Baroness: Yellow & Green
Once categorized as a sludge-metal or prog-metal outfit, Georgia’s Baroness has been gradually shedding its gnarlier skin with each successive release, most recently adding touches of dreamy psychedelia and post-hardcore to its 2009 breakout, Blue Record. But on Yellow & Green, the group’s expansive, indulgent behemoth of a third album, Baroness has more or less abandoned “metal” in all its various forms, stewing in the sort of artful, epic emo favored by bands like Thrice and Dredg.
It’s a bold move: Over the past few years, Baroness has opened for heavier-than-heavy bands like Opeth, Mastodon, and Meshuggah. And while it’s hard to imagine Yellow & Green capturing the imaginations of that same audience, it’s also painfully clear that Baroness is now in a more adventurous headspace—one that’s at turns mesmerizing and dull.

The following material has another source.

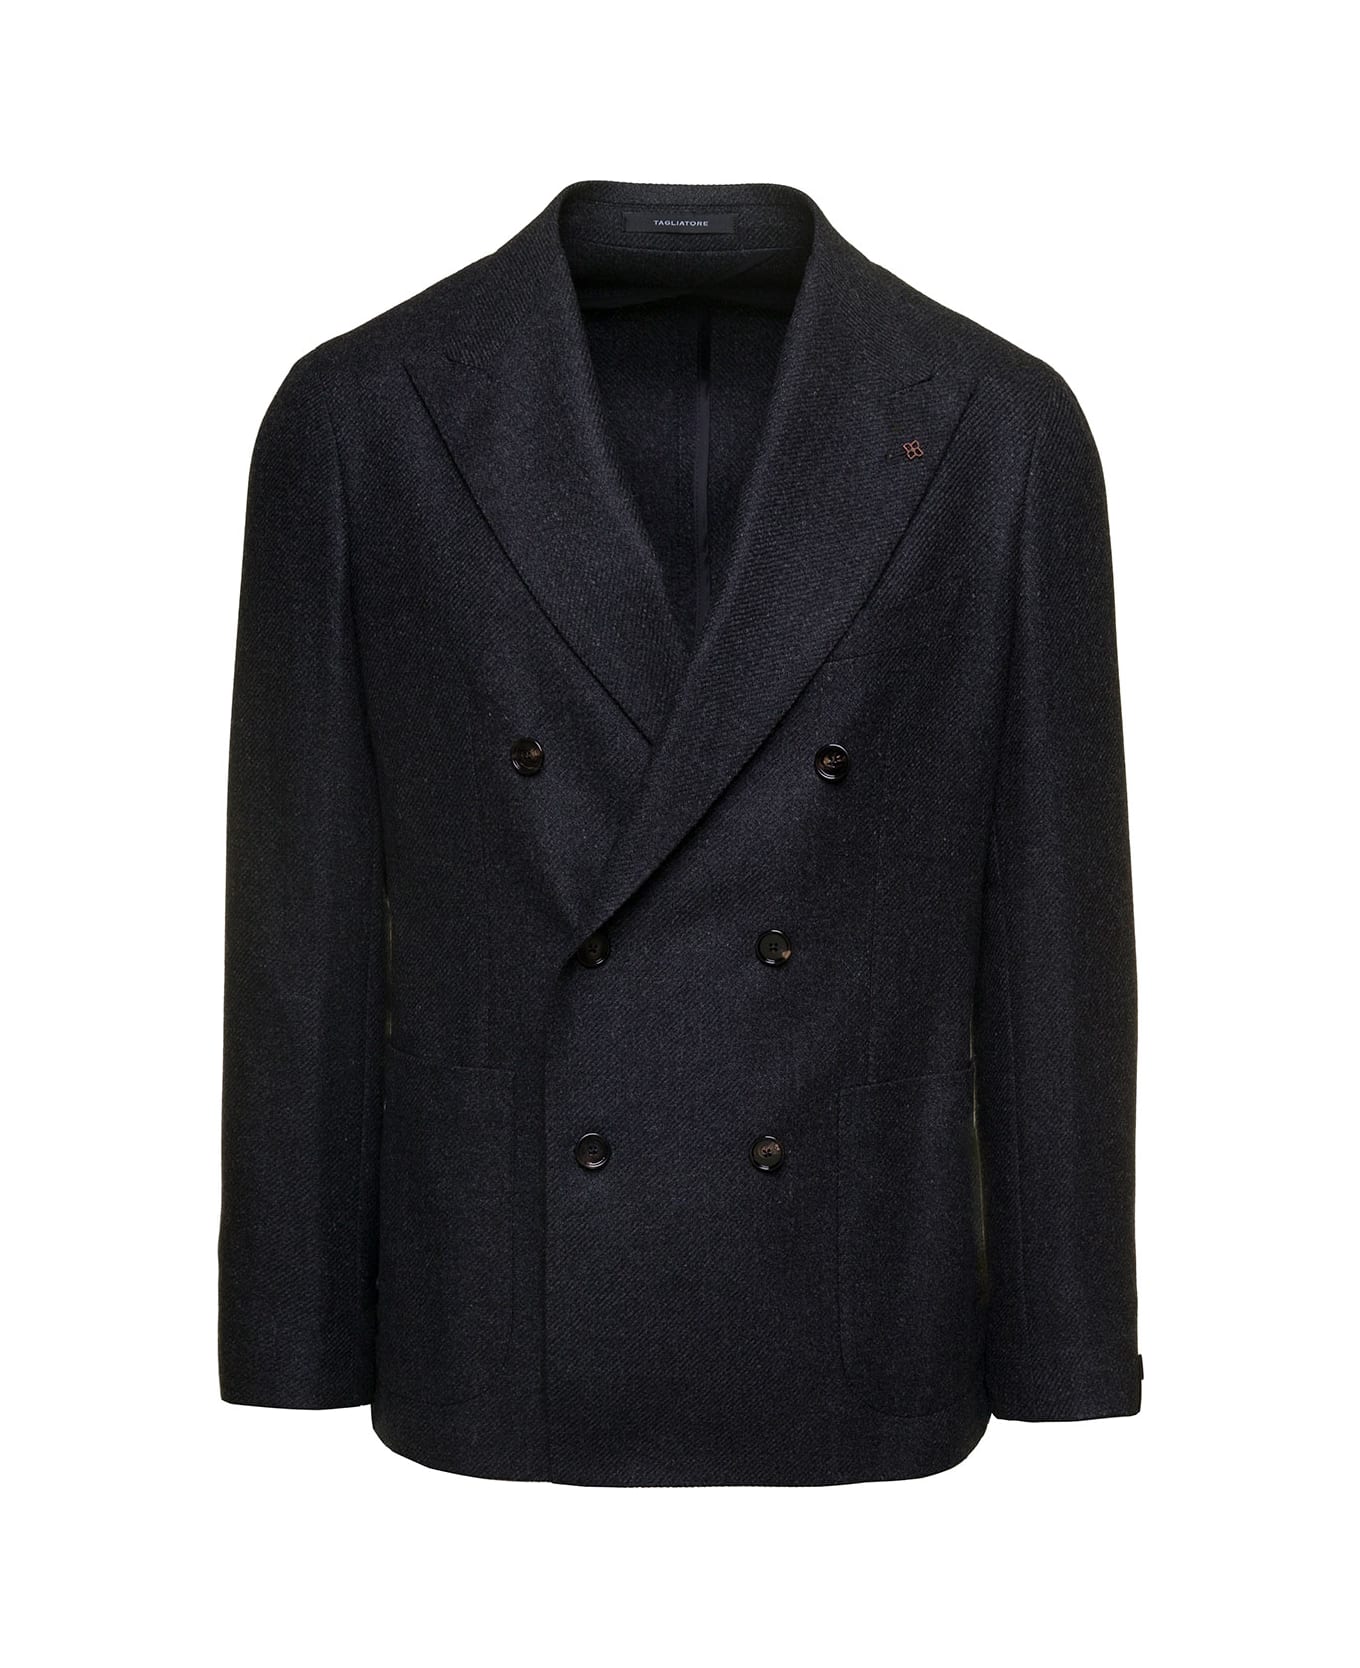 Tagliatore Grey 'montecarlo' Double-breasted Jacket With Floral Detail In Wool Blend Man - Grey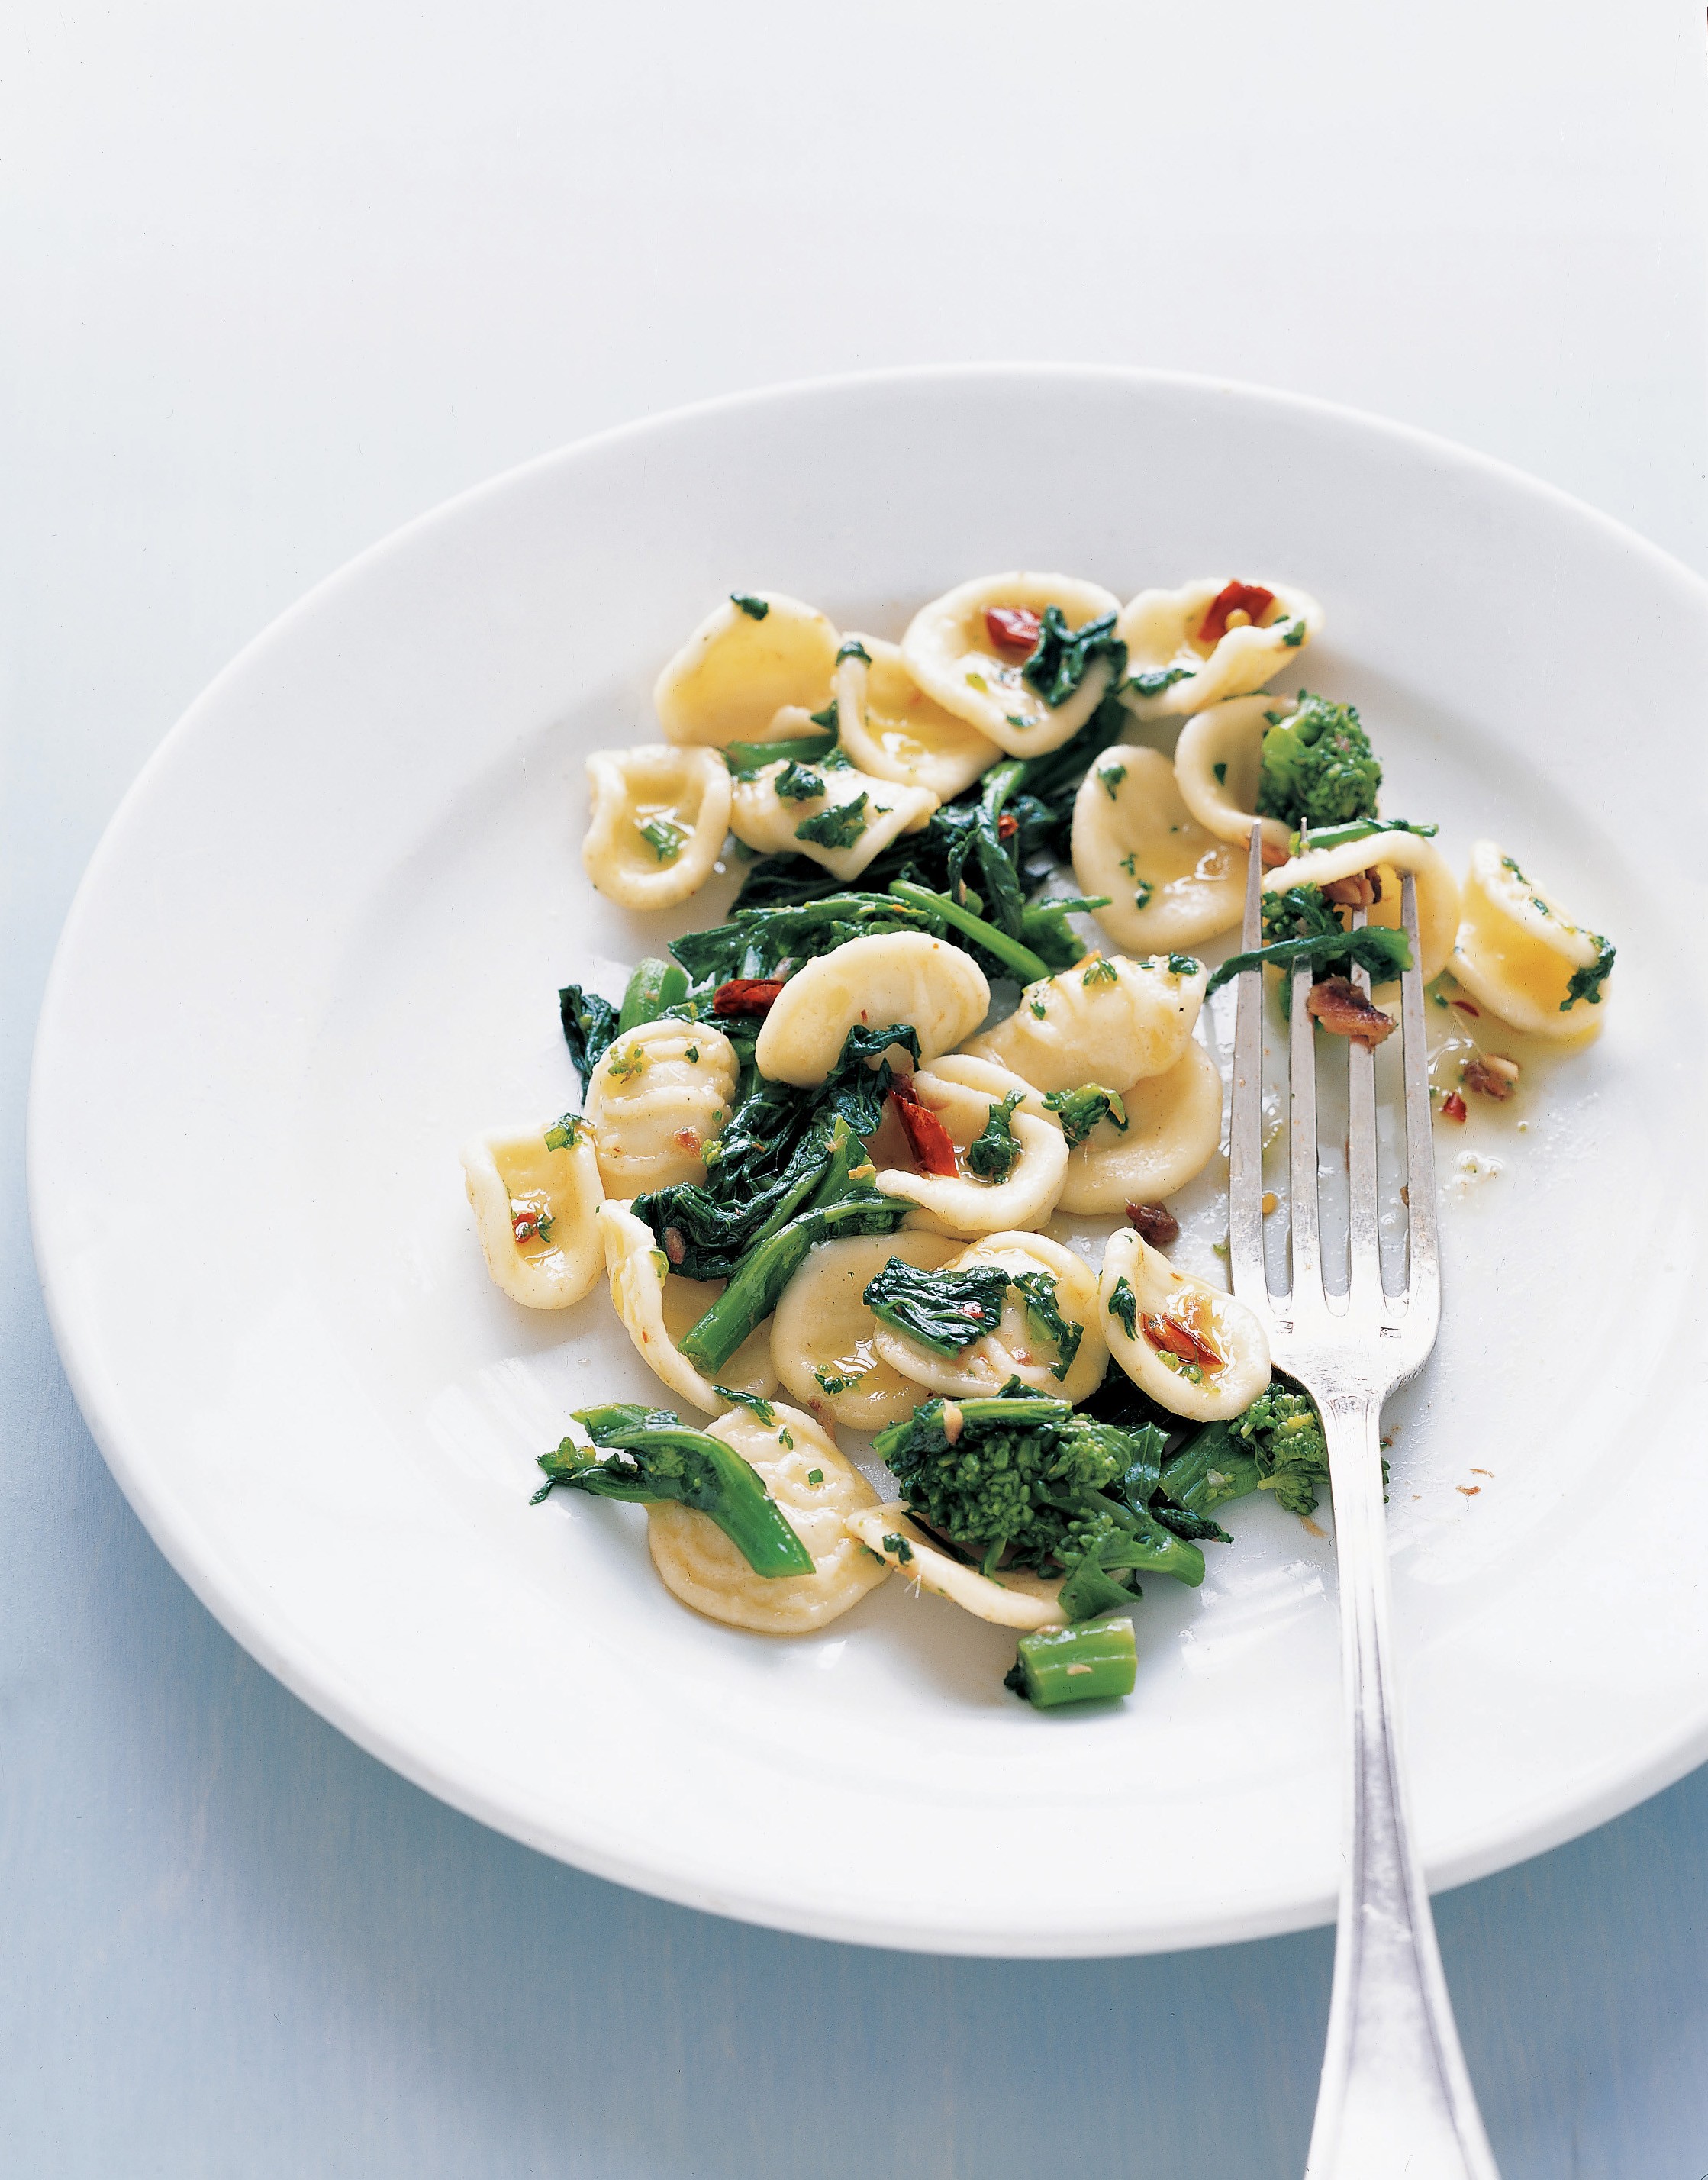 Orecchiette with Broccoli Rabe from How to Cook Italian by Giuliano Hazan

At 18 tracks and 75 total minutes, the double-disc Yellow & Green is almost inevitably bloated. There’s little distinguishable difference between the two color-coded sides in either theme or musical trajectory (save for a little more spacey guitar ambience on the Green disc), so there’s no reason the album couldn’t have been condensed into a tighter and more focused effort. Eventually the brooding, Gregorian-chant harmonies and webs of effects-pedal wizardry blend together into zonked-out drones. Meanwhile, producer John Congleton’s mix buries much of the group’s ethereal beauty in fuzz.
Regardless, Yellow & Green is crammed with highlights. “Eula” is an undeniable opus, opening in a simmering sea of acoustic strums and electric echo before exploding into a throat-punching chorus: “I can’t forget the taste,” John Baizley spews over Allen Blickle’s atomic drum fills, “I can’t forget the taste of my own tongue.” The surging “March To The Sea” is built on an avalanche of tom-toms and Baizley’s howls, peaking with a wicked, harmonized laser-beam guitar solo. And on “Board Up The House,” Baroness approaches full-blown arena-rock, with Southern-fried guitar fills and a massively hummable chorus. There’s an abundance of good ideas here, all of them fearlessly pursued. Next time, the band just needs to hire an editor.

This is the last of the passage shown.